When I ran in the Fontana Days 5K in June, I got a gift bag that came with assorted goodies. Among other things, it came with a medal. I didn't get anything of the sort from the Mud Run. So when I found out that I could get a medal for running in the Mission Inn Run, I was excited.
The first 100 finishers get a medal. So all I have to do then is finish in the top 100.
Well, after I saw results from last year I don't think I'll be getting a medal. The winner ran the 10K in 33:10. That's just ridiculous. Of course, I don't fancy myself as being in the lead or anything like that but the top 100... well, that may be a goal I thought I could have strived for.
Last year, though, 100th place finished the race in 46:15.
Originally I thought perhaps under 50 minutes would be a good time. So I'd have to shave five minutes off of that just to medal, five minutes off a time I thought I had a chance of running if I ran hard.
Needless to say, it's not going to happen. But it's actually a good thing. I want to finish the race, finish it in a time that I can feel good about but mostly finish the race. If I start thinking about running it in a certain time or beating a certain amount of people, it won't do me any good.

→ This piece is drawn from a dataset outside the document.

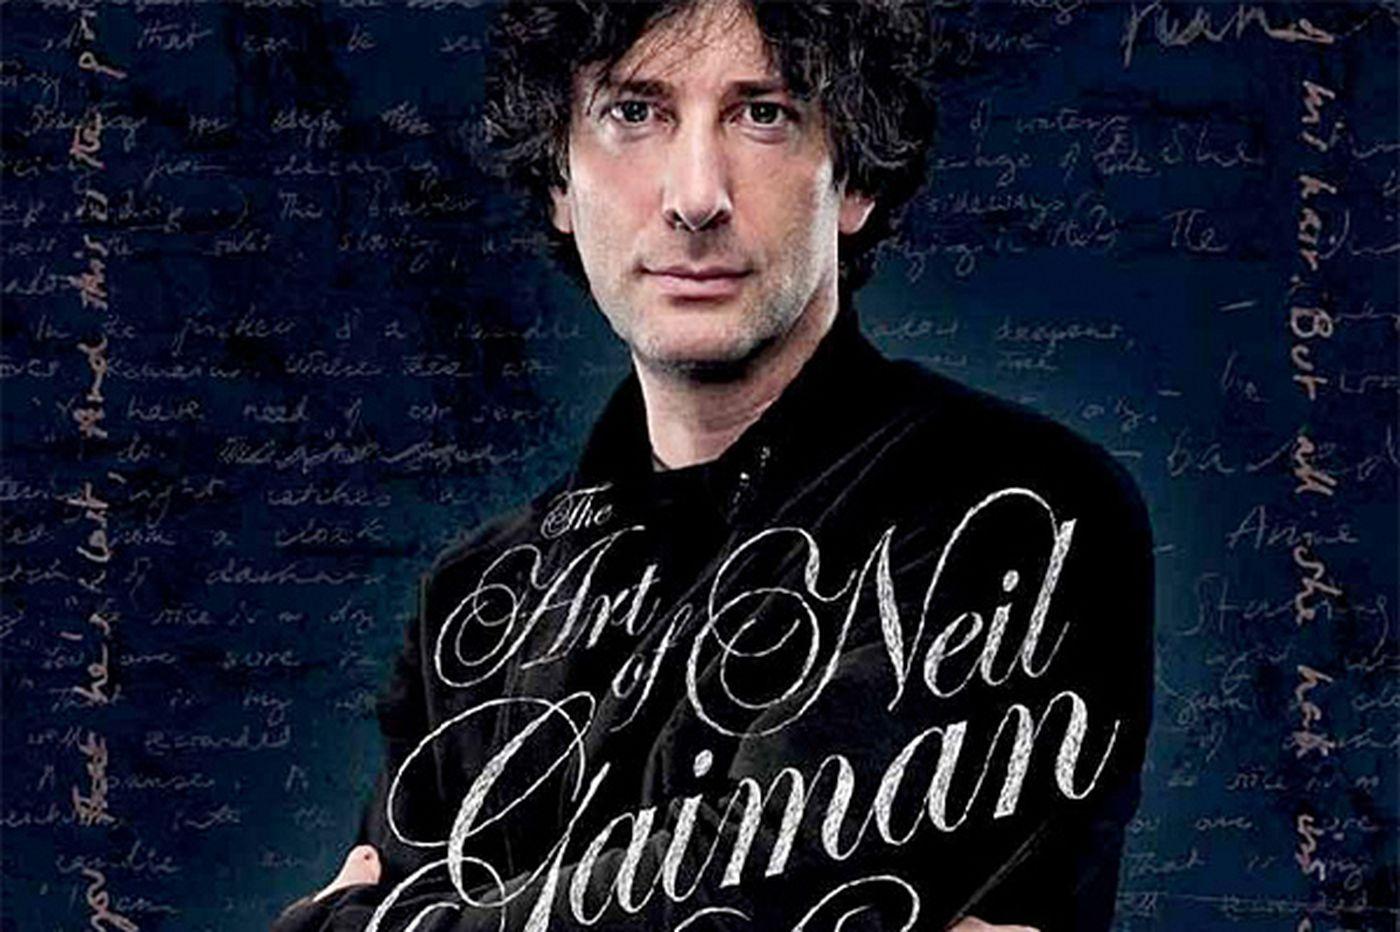 Writer Neil Gaiman: An imagination always at work

It's never been about time for me. Running races or just running whenever has never been about time. Sure, I keep track of my time. And I set goals and things like that. But I don't feel like I'm competing against the clock or trying to win something or whatever. My first goal is to finish. Now, that also entails other things - running continuously, maintaining my heart rate at a certain pace, etc. - but mostly it's to finish. A distant second is time. I figure if I'm going to run I may as well do it in a respectable time. Now, respectable means to me. I don't want to think I'm better than those who finished after me and I certainly don't feel like less of a person than those who beat me.
So medal or not, I'll be satisfied with having run in and completed the Mission Inn Run.